The Russian hand in Macedonia has been invisible. However, the influx of news portals and social media fake profiles feeding the pro-Russian agenda in the region testifies to its existence. In July 2018, the Organized Crime and Corruption Reporting Project (OCCRP) revealed that Ivan Savvidi, a Russian billionaire living in Greece with close ties to the Kremlin, was actively funding politicians and protestors opposing the name change. While visiting Skopje, The U.S. Defense Secretary Jim Mattis said that there is "no doubt" that Moscow is funding pro-Russian groups to influence a referendum. Prime Minister Zoran Zaev told the public that “if there is any evidence of interference by using fake news, I will publicly share them.” Despite this promise, it is unlikely to trace all “like” or “dislike” farms employed by the Boycott camp.

Security and media experts argue that the campaign in Macedonia is a part of a broader Russian strategy of confronting the West in the Balkans. A 2017 Report from OCCRP testifies to a comprehensive anti-NATO disinformation campaign in the Western Balkans as a key tool to prevent countries in the region from joining the Alliance. Further data from national intelligence and security agencies has revealed the involvement of spies and diplomats, as well as the usage of asymmetrical tools such as computational propaganda and covert support for extremist political groups pushing pro-Russian agenda in the region.

Although pro-Russian sentiments have never been particularly trendy in Macedonia, narratives in favor of the Kremlin have become more visible in the Macedonian online space after 2015. One of the popular narratives within the #Boycott campaign suggests that NATO has been unjust to the country despite its efforts to become a member of the alliance. Meanwhile, articles praising Russian army and weaponry have regularly appeared on Sputnik and other Russian outlets.

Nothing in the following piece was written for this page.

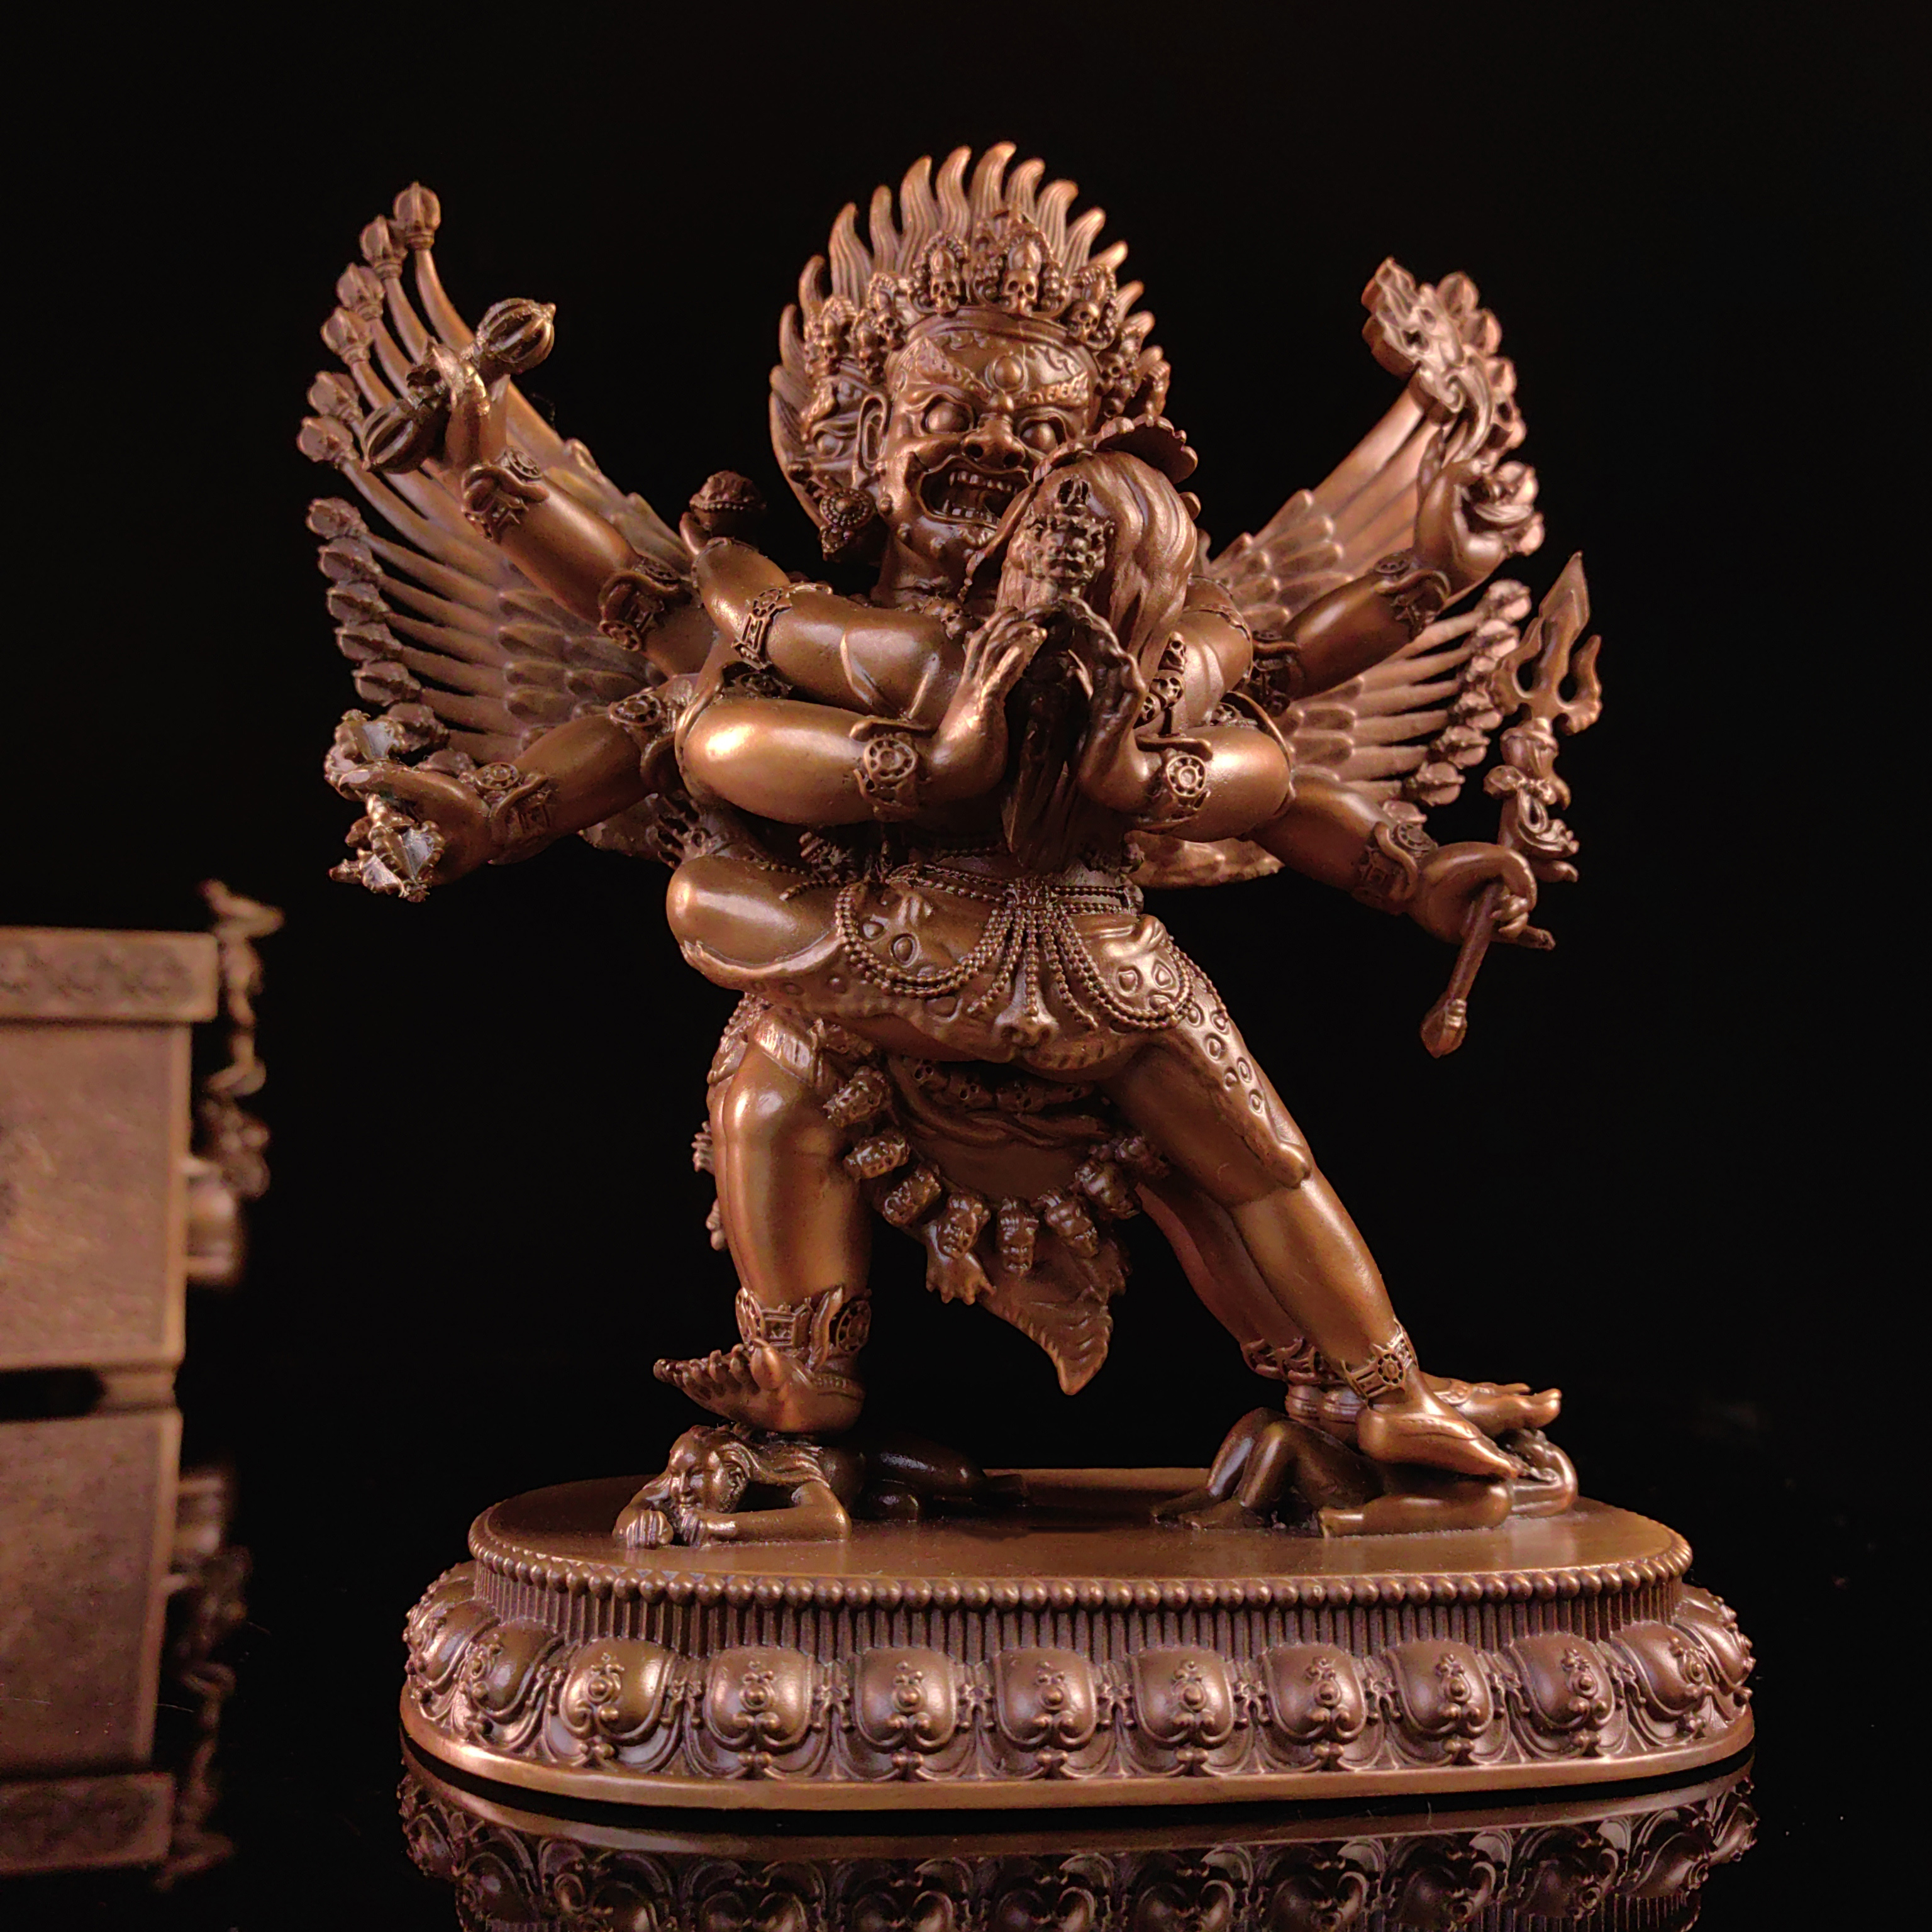 普巴金刚藏传佛像铜造像工艺品家用摆件供奉可定制

Russia does not hide its disagreement with Macedonia’s accession to NATO, so attempts to prevent the referendum from success seem to follow a solid Russian logic. Nonetheless, the geopolitical battle expressed through enormous disinformation efforts from the Kremlin raises more fundamental questions. The aggressive anti-NATO messages that became a fundament of the #Boycott campaign prevented voters from engagement with objective and fact-based content, discouraged citizens from participation in the democratic process, created fears, and depressed the turnout. A recent survey ranked Macedonia last among 35 states in media literacy. This shows the country’s high vulnerability to disinformation. The danger of having a media environment polluted with manipulative messages instead of real political arguments may have long-term consequences for the fragile democratic process not only in Macedonia, but the whole region. We should say it out loud: Disinformation campaigns are toxic. No matter who is paying them.